I woke to light snowfall, and the snow-topped Pueblo Mts. outside my window.

After coffee, I got dressed and headed back to the junction to top off the gas tank and get some warm breakfast. As I left, a young man was walking into the restaurant. He was the first person I’ve seen wearing a mask, at all. I was so startled I shouted, “Hey! Take off that mask!” He said, I think, a muffled ‘What?’ and I said “Nobody wears them around here!” but he was already taking it off, and said with a smile, ‘Thank you!’

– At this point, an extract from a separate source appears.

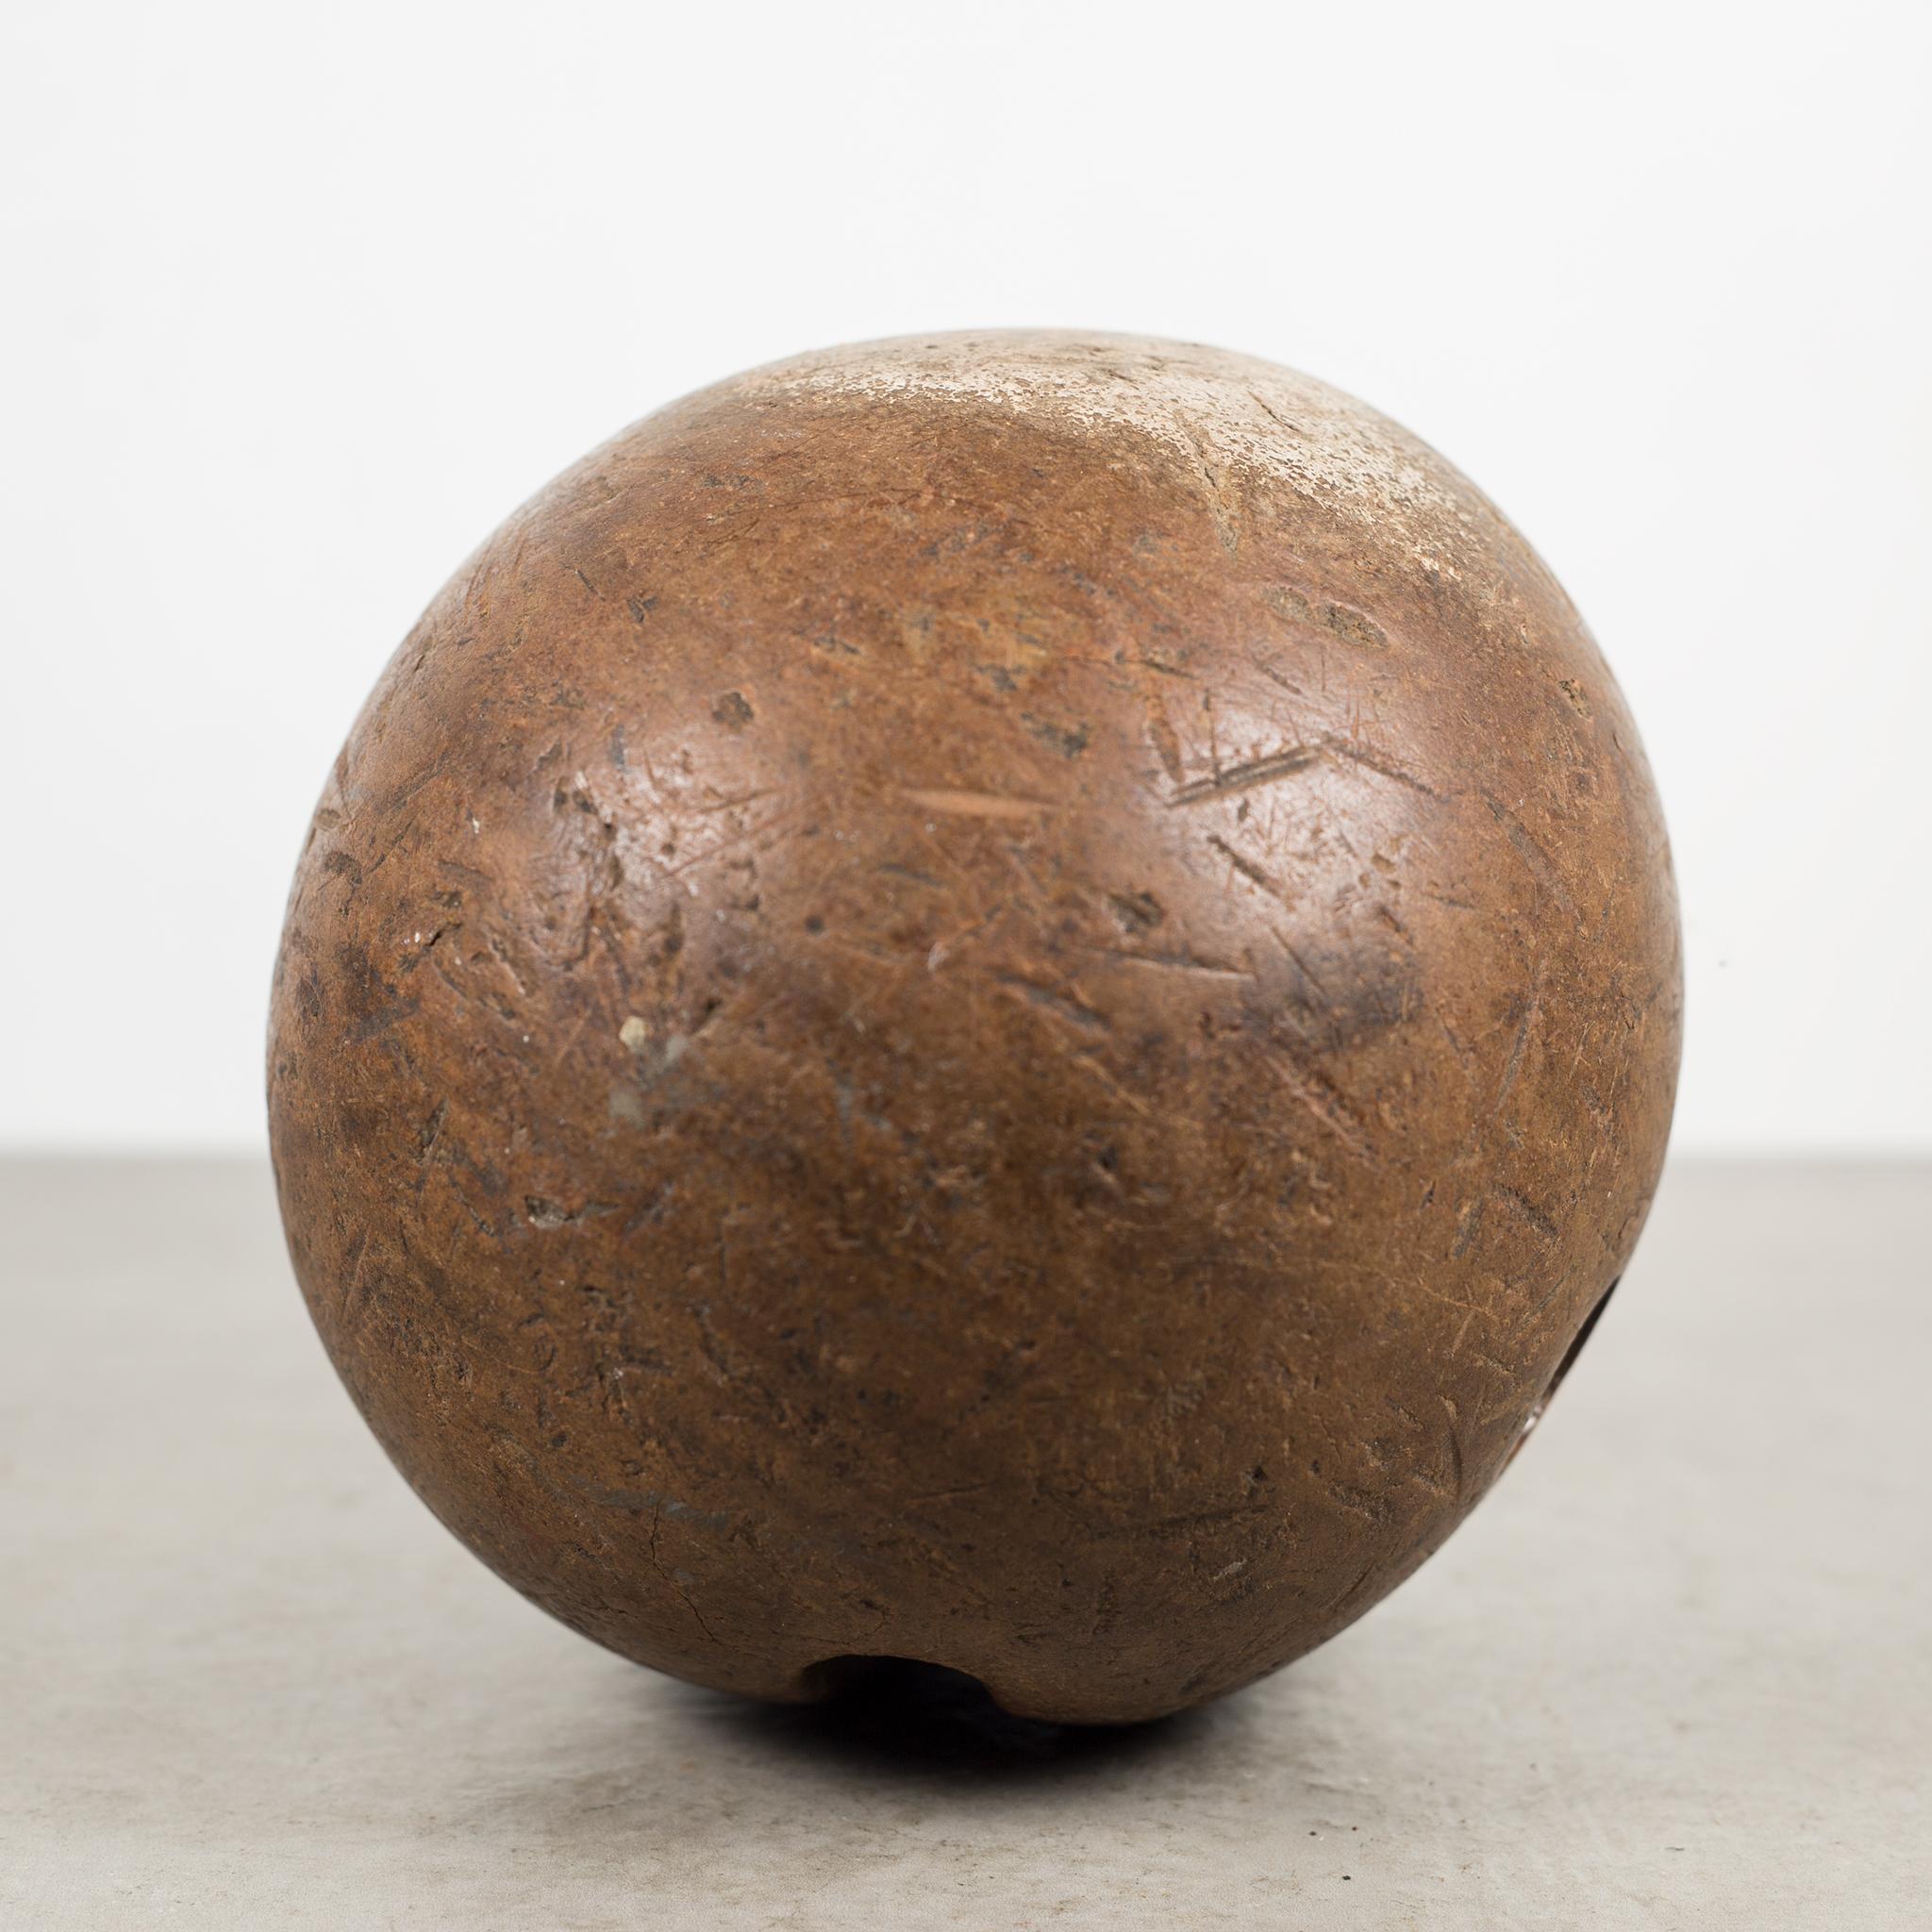 wooden bowling ball

We then turned off the highway on a 50 mile cutoff of slippery dirt road. The mountains ahead were only dark shadows behind snow flurries, and I was nervous. But it was really a twisty river valley strung with water meadows that popped vivid green by the snowy desert mountainsides. I came upon the abandoned stone house in the featured photo and was struck with the craftsmanship. I spent ten minutes on a Luddite fantasy of how I could retire there and maybe write something. Getting out of Janet to take the photo, the scent of fresh, wet sage was powerful.

Passing Whitehorse Ranch, in an open and deserted area, I kept seeing horse droppings. Looking around, I spotted a herd of wild mustangs! Pulled over and watched, through binoculars, as the stallion bunched the mares up and made them trot a little way. Why, I’m not sure.

Came out on a relatively busy highway and angled northeast. I saw a herd of Pronghorn antelope near the road. I think they looked right through the windshield at me, because when I sat up tall and exclaimed, they all turned and flashed their little white butts, and ran off.

Last stop in Oregon was Jordan Valley, an old Basque settlement that time clearly forgot. Those men hand-built themselves a huge wall of golden stone for playing pelota, their  national game. Is it still used? Anachronistically,  the Sinclair gas station has not updated their mascot, nor their bathroom fixtures.  They also expected me to pump my own gas, even though we were still in Oregon. Had to get used to it sometime.

In Idaho, the Boise/Nampa/Meridian sprawl showed new prosperity along I-84. I felt kind of depressed at the bright chain restaurants and tracts of new homes. At Mountain Home, I got off for gas at a Chevron, and sure enough, one checker was mask free completely,  the other had a mask, and another had one, but pulled down under her nose. A lot of customers had masks on, but some of us didn’t. Why?

Afterwards, I watched a young man walking from his car, taking out and fastening on a crisp blue and white paper mask. As he got close, I rolled down my window and asked him what the rules were in Idaho. He said it depends on the business you go into. I asked him why he put one on, and he said “Well my mom had it, so…” To be kind, I nodded gravely and said “So she takes it very seriously?” He nodded, and I could only see his pretty, dark and almond-shaped Mexican eyes, but they looked sad and worried.

Maybe the more prosperous the area, the more you’re scared not to wear a mask. Maybe that says it all.

Anyway, nobody here in Shoshone, Idaho is wearing one, and the lady was very nice and said I can park by her trailer to feel safe. And so we were.